The broker does not forecast a major bounce in listings but does expect volume headwinds will ease in the second half. Credit Suisse remains positive on the medium to longer term online property opportunity, driven by price rises and depth penetration.
The main disappointment for brokers was the performance of Asian assets because of a tougher macro background, strong competitive activity and ongoing investment in the business.
Macquarie expects revenue growth to pick up modestly in the second half. Against this cost growth should moderate. The broker envisages scope for operational earnings (EBITDA) growth to exceed 20% and margins to expand across the year.
Citi also expects continued yield growth in depth listings, which should maintain mid-teens revenue growth in Australia despite volumes falling. The broker notes the company has three yield levers to pull including price, mix and rising penetration rates. Earnings are currently subdued because of low cyclical advertising volumes but there is scope for significant upgrades if the market recovers.
Morgan Stanley is also happy with the first half results in the core Australian business. Moreover, the broker notes listings in January have apparently turned to positive although it is too early to call a recovery. Asian numbers also disappointed Morgan Stanley and the broker expects scrutiny on capital allocation in this region to intensify.
Deutsche Bank concurs that January suggests some growth may be returning to listings and believes the next couple of months will be critical in order to gauge underlying trends. The broker currently expects flat volumes in the second half.
Pricing and the introduction of new products are expected to be key drivers in the shift to depth products and Deutsche Bank expects price increases of 7.5 % will be put in place at the start of FY18.
Asia/US In Slow Lane
Morgans believes the results are stronger than they appear on the surface. This reflects the power of the company's franchise with consumers and real estate agents. The broker acknowledges parts of the business are weak, such as developer display ads and Asia, but these are all dwarfed by the Australian residential strength.
Developer advertising spending was weak because the market for the launch of large apartment blocks has cooled . The company acknowledges the weakness will continue as a glut in apartments unfolds. This affects Asia, with a dearth of new apartment launches in both Hong Kong and Kuala Lumpur.
Morgans observes Asia is stuck in the slow lane but the upside in this is that REA will pay less to buy out the minorities in iProperty next year. The company has booked a $10m gain on deferred consideration.
The main risks to the company's outlook are further steep falls in Australian residential listing volumes, which cause a commensurate fall in depth listings, and the failure of new product initiatives to gain widespread acceptance.
Almost all of Morgans valuation stems from the Australian business, where an opportunity is envisaged for 4-5 more years of strong growth. Should the Asian and/or the US business provide substantial earnings growth over time, the broker acknowledges its current valuation would be too conservative. Still, it remains too early to make a judgement call on offshore business.

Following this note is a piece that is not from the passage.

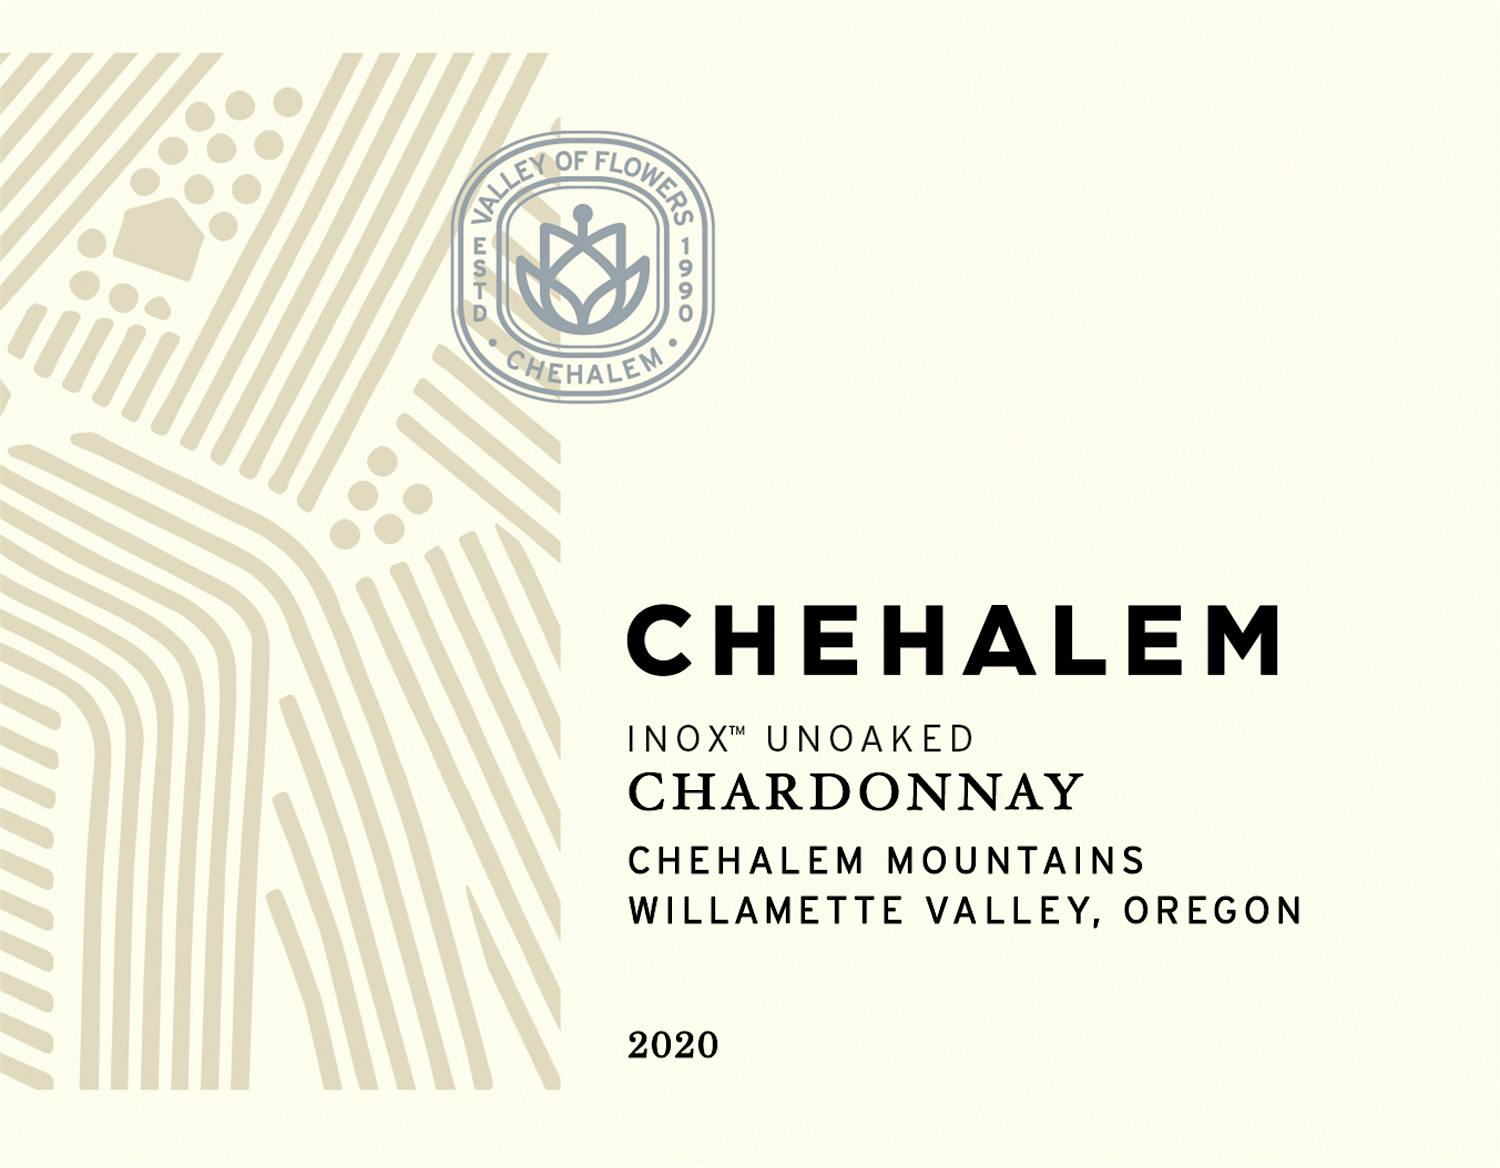 Label for Chehalem

The main risk in UBS estimates is with the listing volume outcomes in FY17. That said, the outlook appears brighter to the broker given that both Premiere I and II agents both roll off existing discounts on June 2017. UBS also remains wary of slowing developer growth.
FNArena's database shows six Buy ratings and one Hold (Deutsche Bank). The consensus target is $59.25, suggesting 10.8% upside to the last share price. Targets range from $51 (Deutsche Bank) to $65 (Morgan Stanley).